Buena Copa
Buena Copa has a menu of Mexican snacks that goes beyond tacos, though the ones coming off their comal are exemplary too.
From the same folks behind Good Hombres and Campechano comes this elegant dinnertime spot specializing in antojitos: small bites that, when eaten many at a time, easily constitute as a full meal.
More spacious than its two other counterparts, the restaurant has transformed the former digs of the beloved watering hole No One Writes to the Colonel into date-worthy destination with hanging ceramic light fixtures and a playlist of Latin American tunes.
While antojitos are incredibly common in Mexico, Toronto's understanding of the concept is limited mostly to its most famous iterations: tacos and quesadillas.
You'll find both on the menu here, along with a number of other bites made from masa dough, the same one being from Mexican heirloom corn being ground up at Good Hombres.
The main difference with tortillas here is that you'll find a handful of totally unique and colourful versions, aside from the regular corn and blue corn ones, being heated up on the cal-rubbed comal in the kitchen.

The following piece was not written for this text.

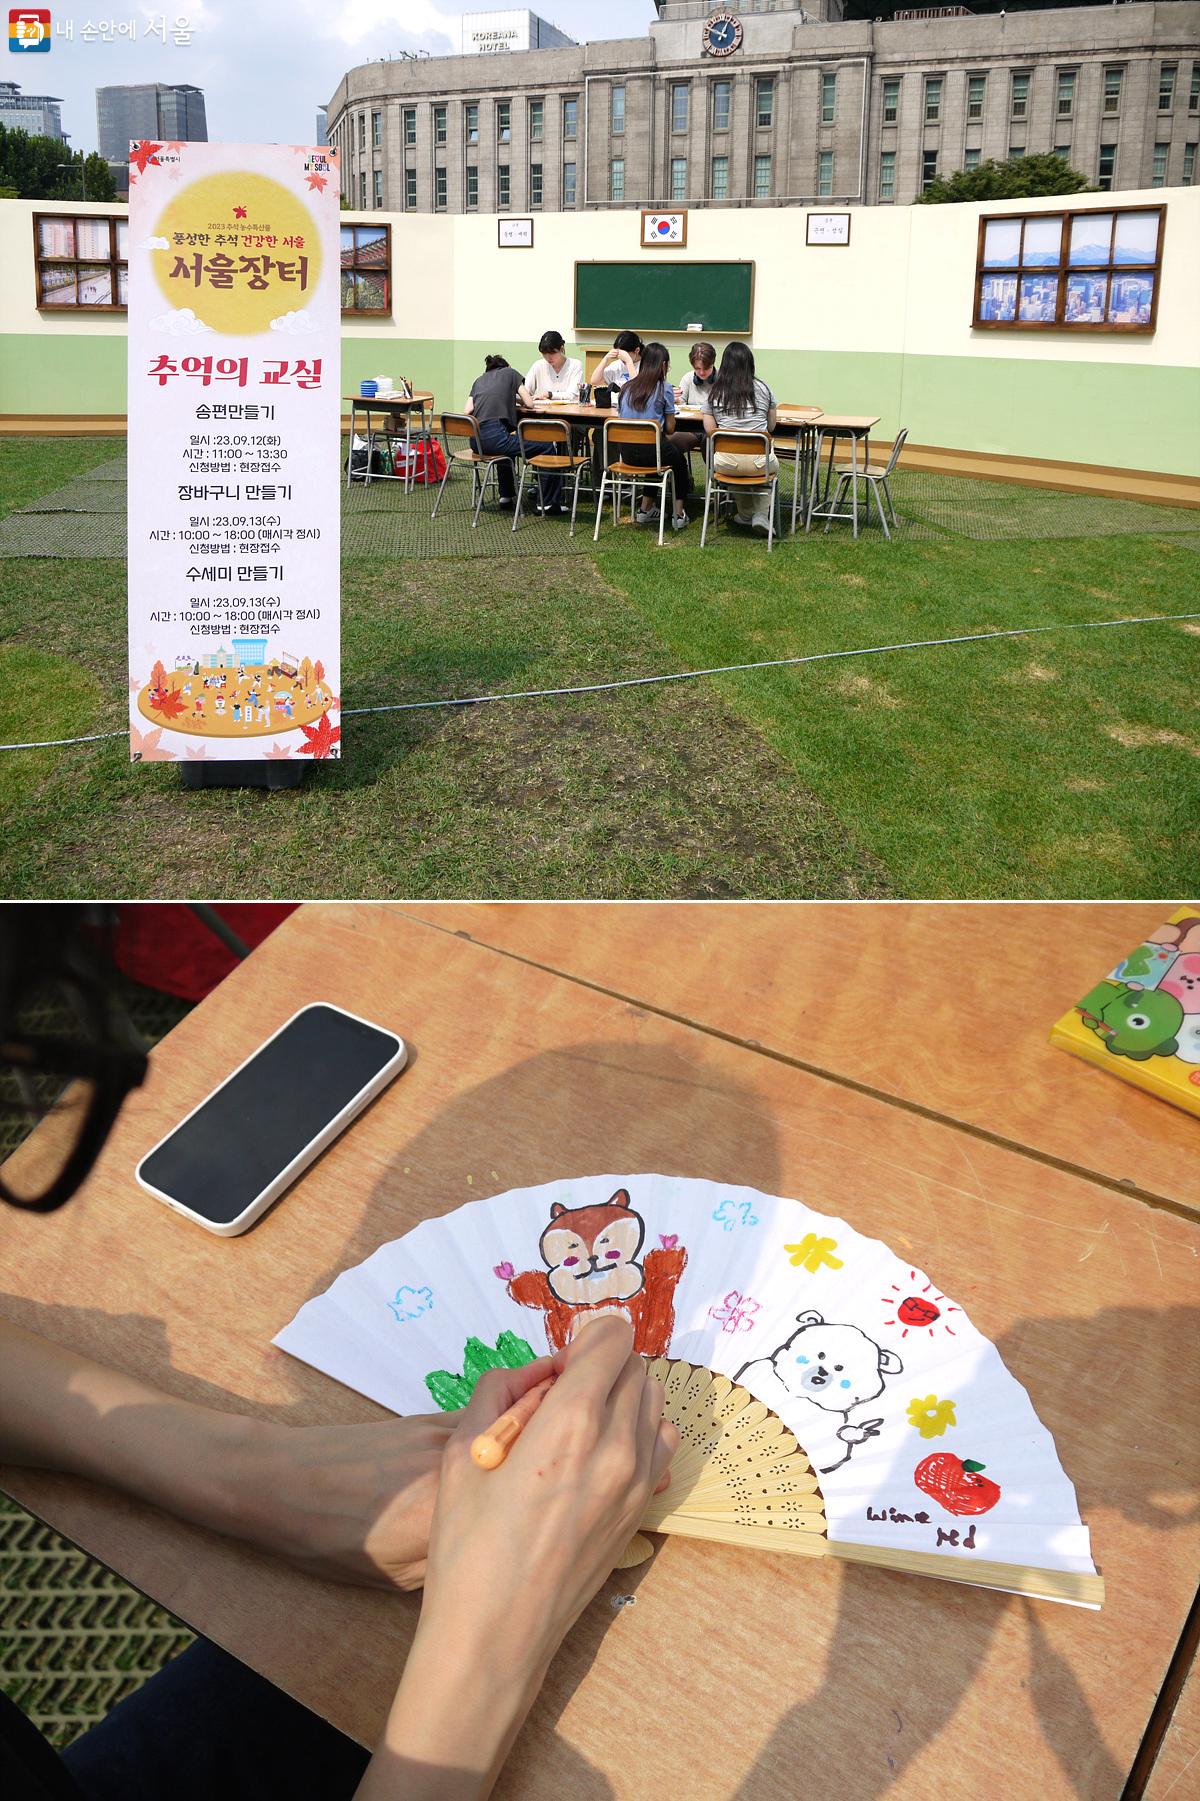 서울광장 중앙에 마련된 추억의 교실에서 시민들이 부채에 그림을 그리고 있다. ©최윤영

The sope de pollo ($7) is an open-faced green tortilla (it gets its colour from the cilantro-mixed masa) piled high with tinga chicken stewed with chipotle, beans, salsa mocajete, crema, and cotija cheese.
The empanada ($8) gets its colour from squid ink. It's stuffed with delicious cheese, chorizo, drizzled with crema, and served with a side of guac and salsa.
Tetela de frijol y queso ($7) gets its warm red colour from its chipotle masa.
This triangular pocket is stuffed with beans, fresh cheese, and habanero salsa.
The infladita ($7), also using black squid ink masa, is a crispy, deep-fried sandwich filled with trout, guac, and onions.
The biggest portion on the menu is the tacos de birria ($22), which comes with a basket of regular tortillas to go with delicious wood-fired short ribs that have been slow cooked in the barbeque outside.
Aguachile ($17), made with trout, delivers an addictive kick thanks to cascabel chilis and jalapeno.
The ceviche ($15) is actually much less spicy, and fishier, also using trout.
The cocktail menu revolves around tequila and mezcal.
My favourite is the Avocado Toast ($14), which actually uses takes old avocado pits from the kitchen, toasts them, and turns the shreds into a syrup for this drink.
The pink Buena Copa old fashioned ($14) with mezcal, hibiscus and mole bitters.
Rosa Blanco ($12) is a tall tequila drink with white vermouth, grapefruit and soda.
Turn any order of beer into a valentina and arbol michelada for an extra $3.